── INFORMATION ──

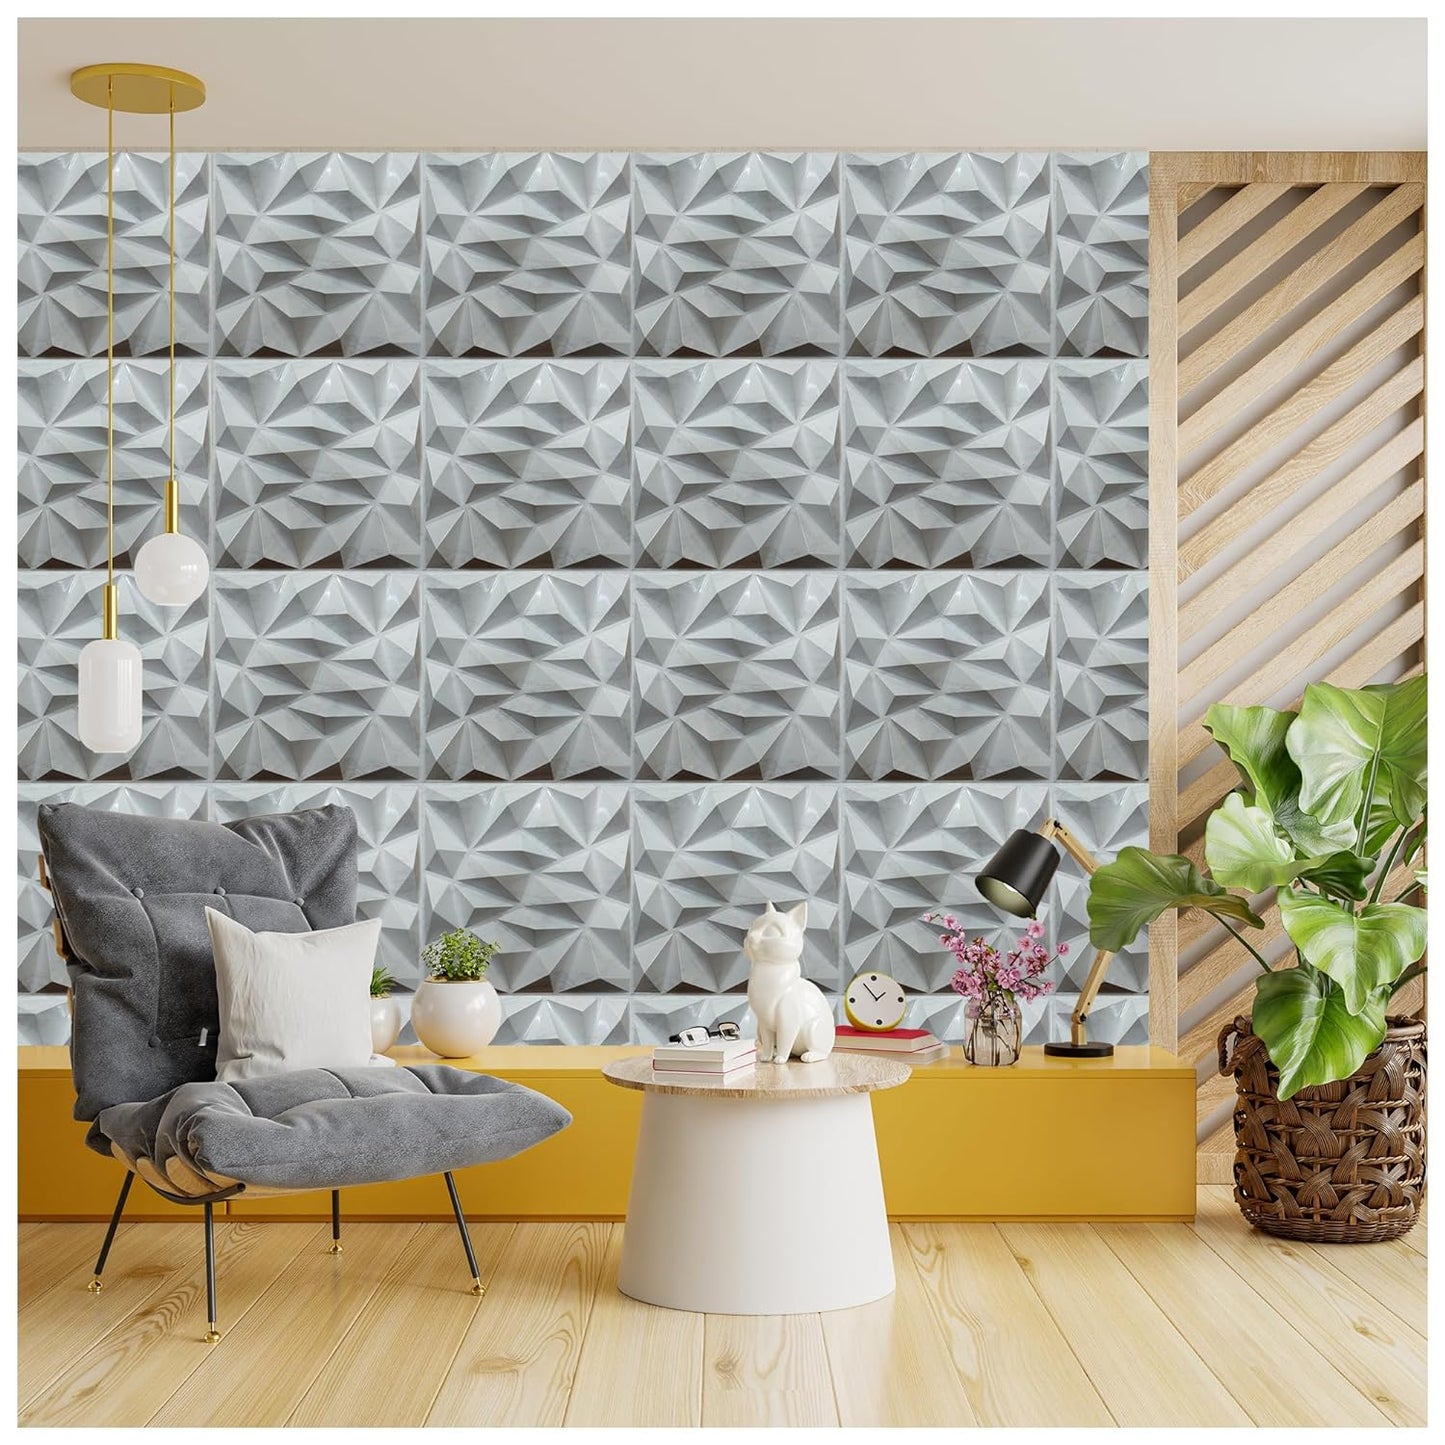 White Marble Color Diamond Design 3D PVC Wall Panels (50 X 50 cm)
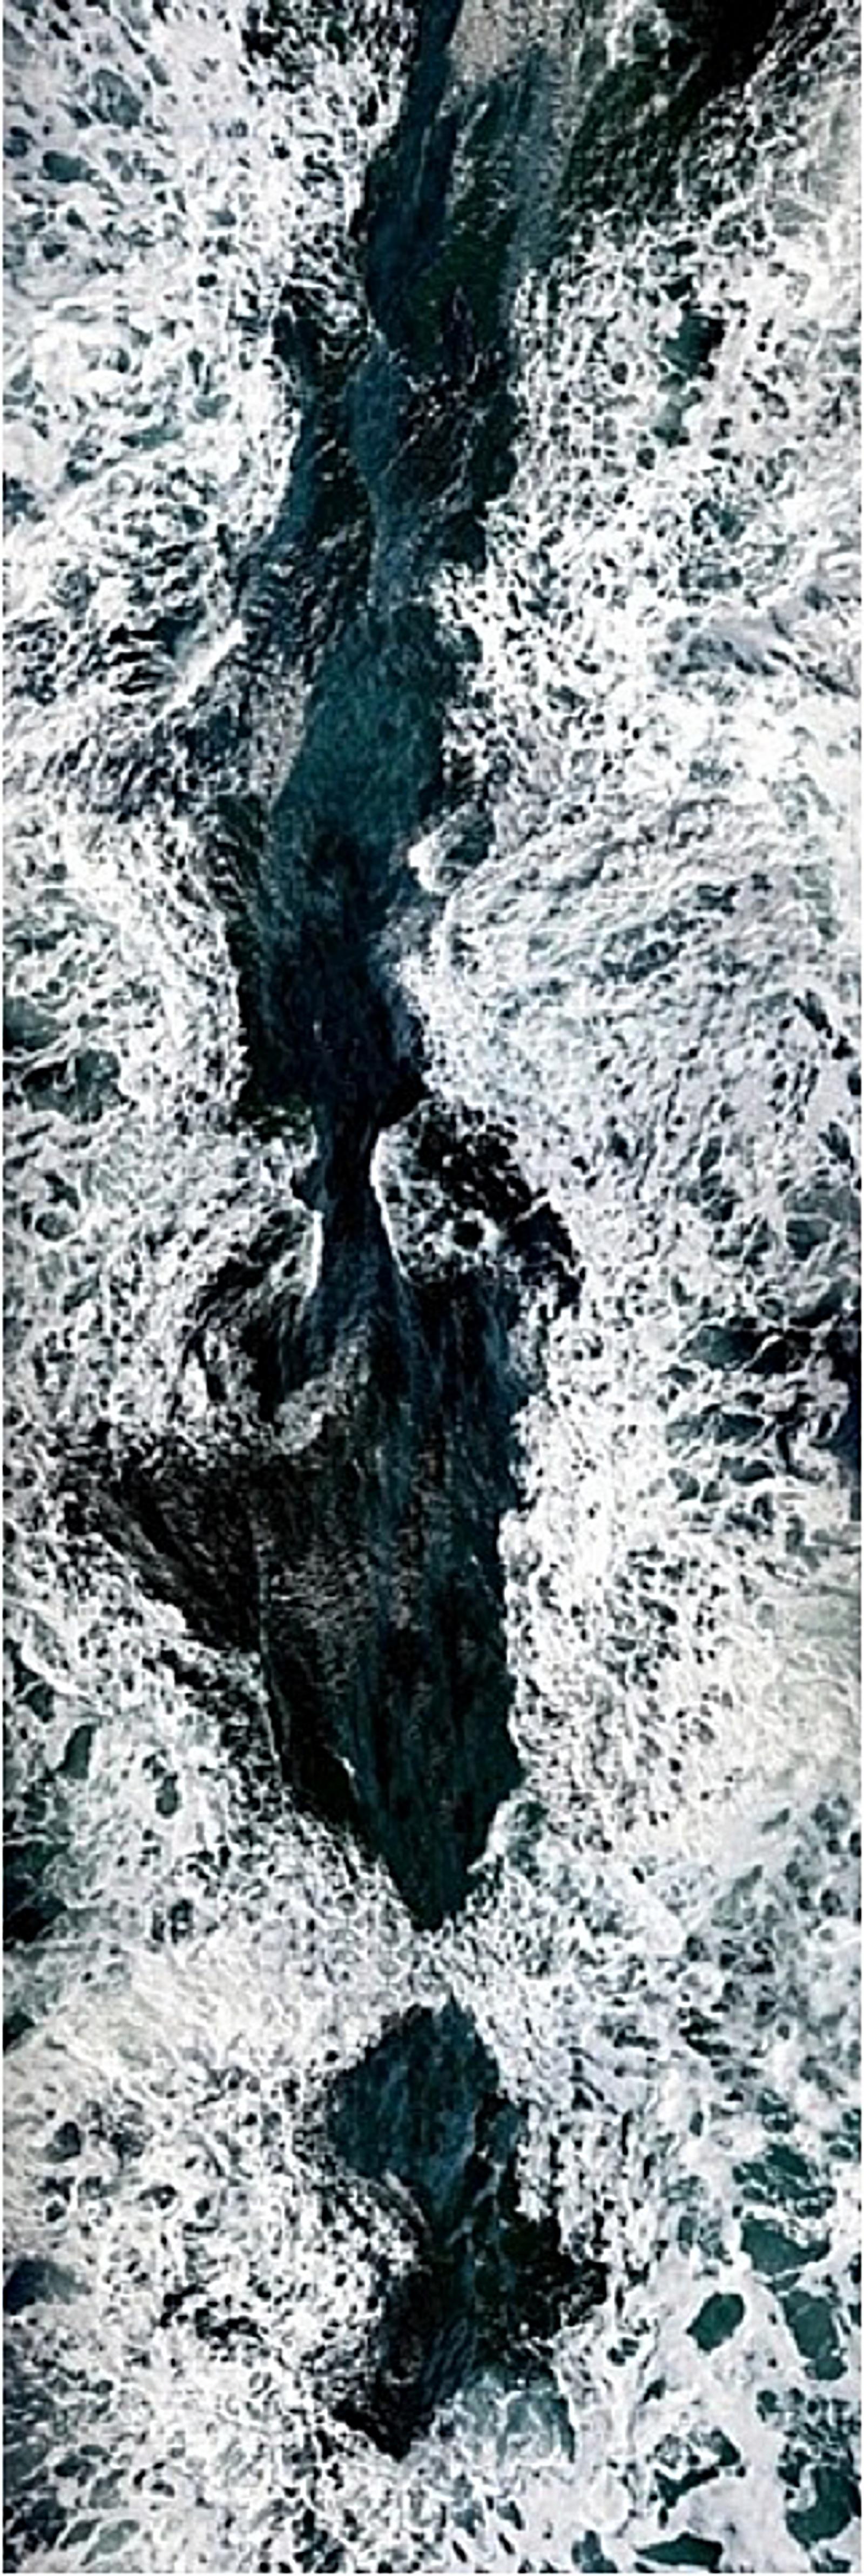 Unsichtbare Seelandschaft #2 Jun Ahn, Wasser, Fotografie, Wellen, Blau, Weiß, Natur
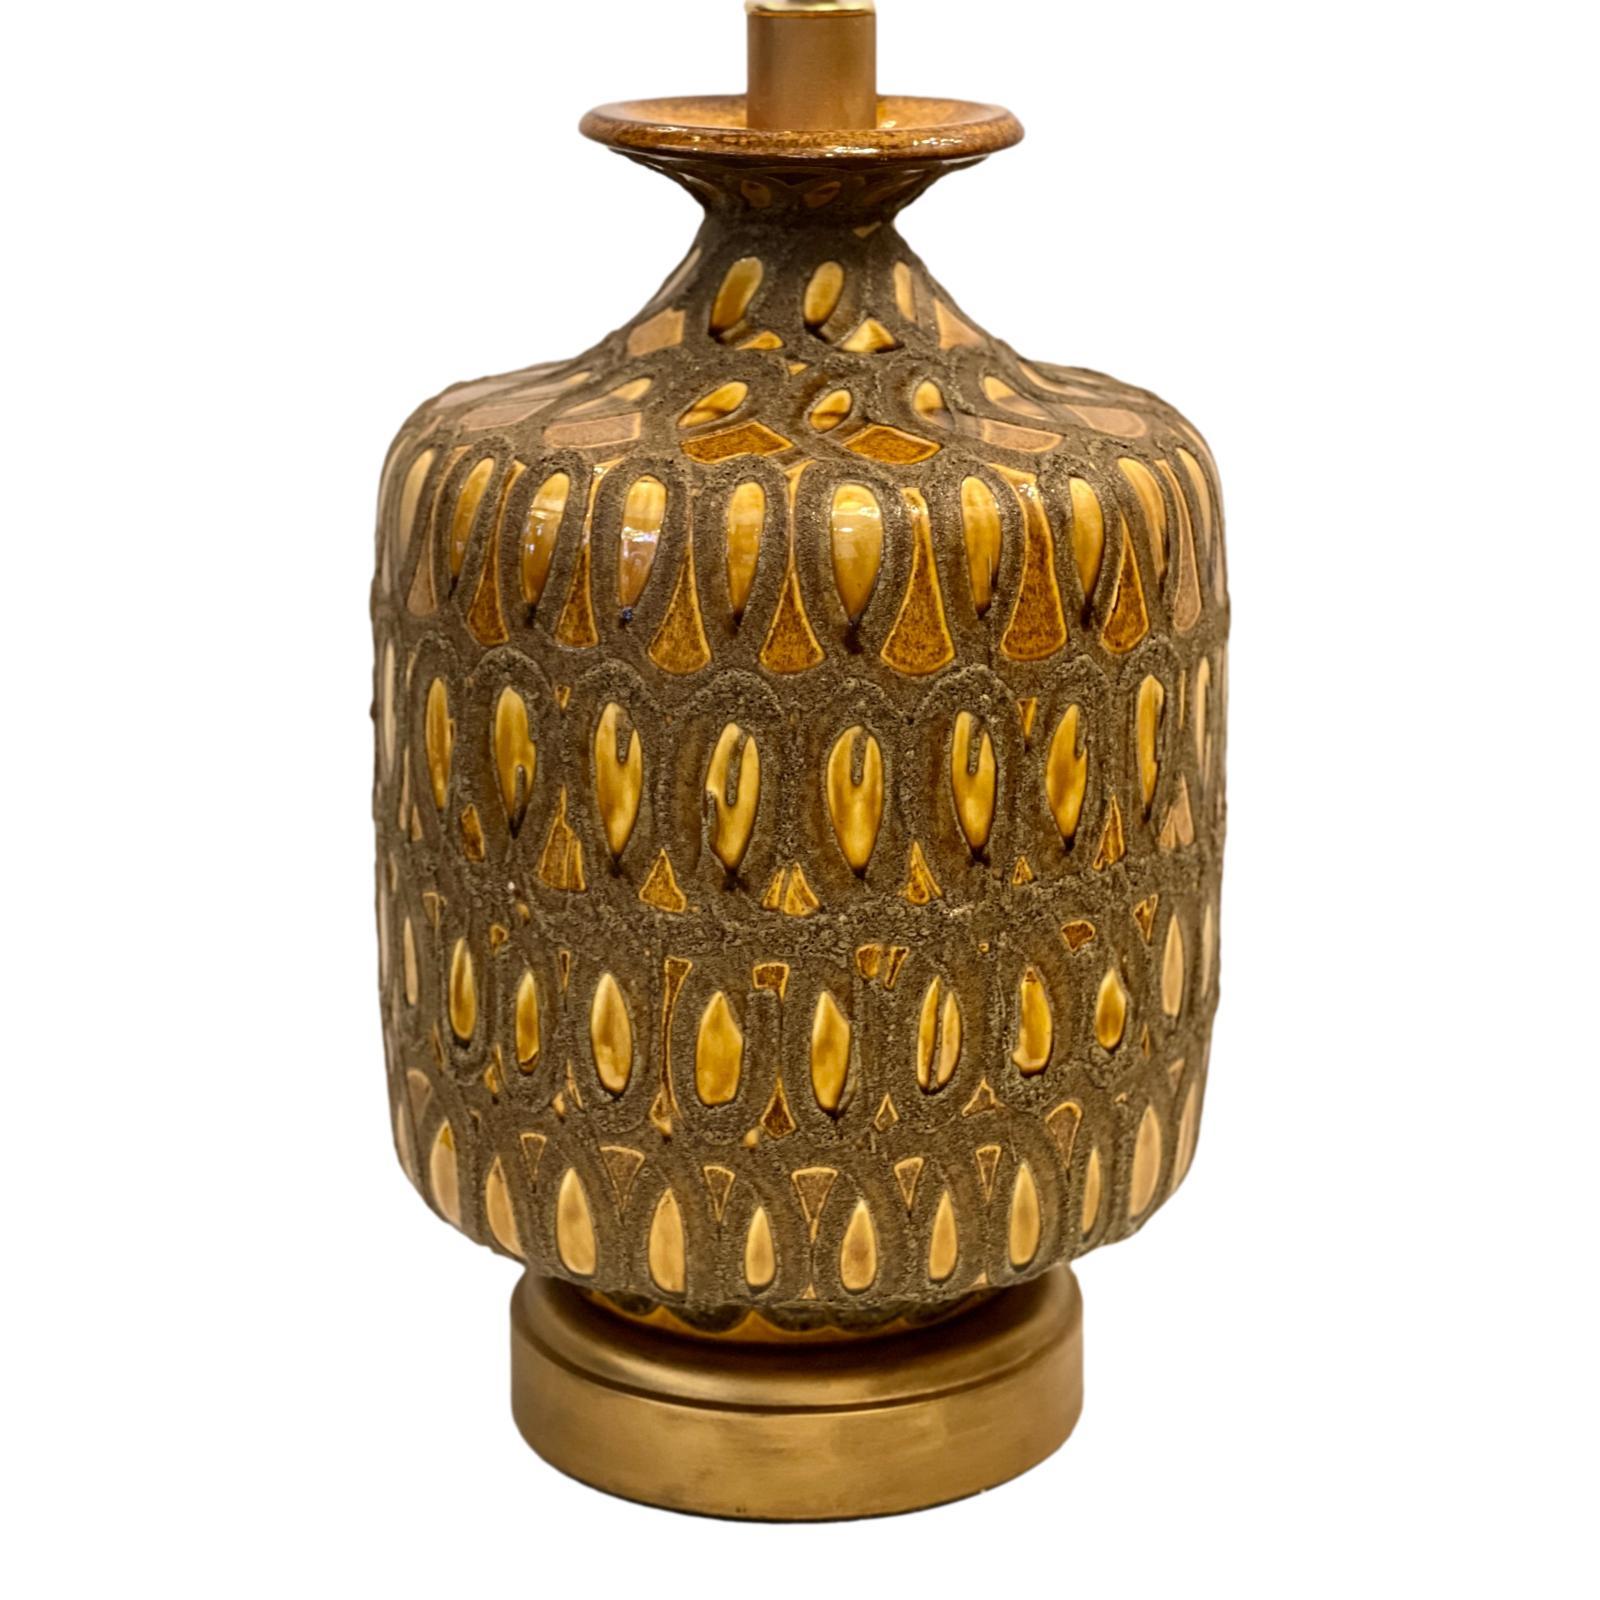 Italienische Keramik-Tischlampe aus den 1960er Jahren mit Bronzefuß.

Abmessungen:
Höhe des Körpers: 20

───

> **EXERCISE DESCRIPTION**:
For this exercise, transcribe the entries above exactly, without any pictures.

> **EXPECTED ANSWER**:
 White Marble Color Diamond Design 3D PVC Wall Panels (50 X 50 cm)
 Unsichtbare Seelandschaft #2 Jun Ahn, Wasser, Fotografie, Wellen, Blau, Weiß, Natur
 Italienische Keramik-Tischlampe aus den 1960er Jahren mit Bronzefuß.

Abmessungen:
Höhe des Körpers: 20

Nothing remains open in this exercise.